The global numbers show the remix is connecting far beyond one market
Billboard's Global 200 rank is where the bigger picture gets harder to ignore. "Dracula" rising to No. 3 on Billboard's Global 200 means the remix is holding weight across territories instead of leaning on one regional surge. That matters for Jennie because her brand has always been built on international range, from YG Entertainment's worldwide BLACKPINK infrastructure to her post-group solo identity, and this track gives that narrative a fresh metric fans can actually point to. According to Billboard's own chart data, the song is now competing in the same top tier where global playlisting, radio curiosity, and repeat listener conversion start to overlap. We have also seen the crossover keep traveling across fan communities, from Reddit threads in r/BlackPink and r/TameImpala to broader commentary spaces that track pop culture collisions for listeners who live outside stan Twitter. At that point, K-pop scale and Western alt-pop credibility stop looking like separate lanes and start reading like the same commercial story.
Jennie's broader momentum makes this climb feel sticky
Rolling Stone AU/NZ's February release report helps explain why this jump feels sticky instead of accidental.
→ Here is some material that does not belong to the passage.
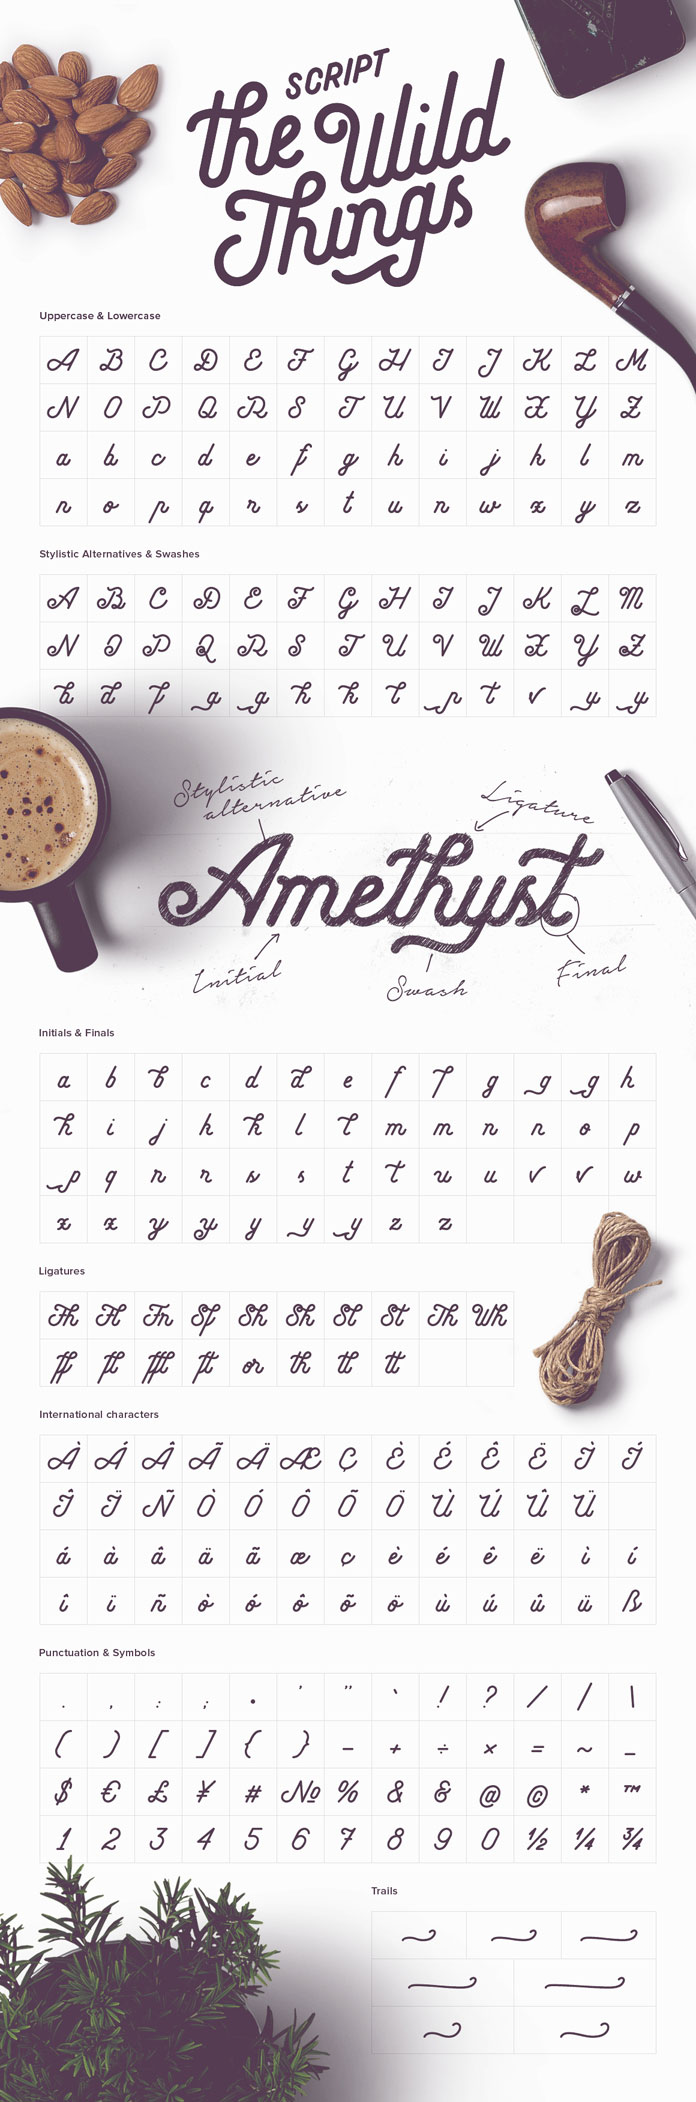 An overview of the Script typeface with all uppercases and lowercases, stylistic alternatives and swashes, initials and finals, ligatures, international characters, punctuation and symbols, trails.

The outlet positioned the remix as a high-profile crossover release and tied it to the online speculation that built up before launch, while Billboard's chart pages now confirm the payoff with a top-20 US peak and a top-three global peak. We are looking at a record that kept moving after the first surprise cycle, which is usually the clearest difference between a novelty headline and a real pop run. HITKULTR has already tracked Jennie's broader momentum through her Ray-Ban ambassador move and her TIME100 2026 selection. Billboard's live charts now give that narrative harder proof, with No. 17 in the US and No. 3 globally. That combination makes the remix look built to keep traveling rather than fade as a one-week crossover curiosity.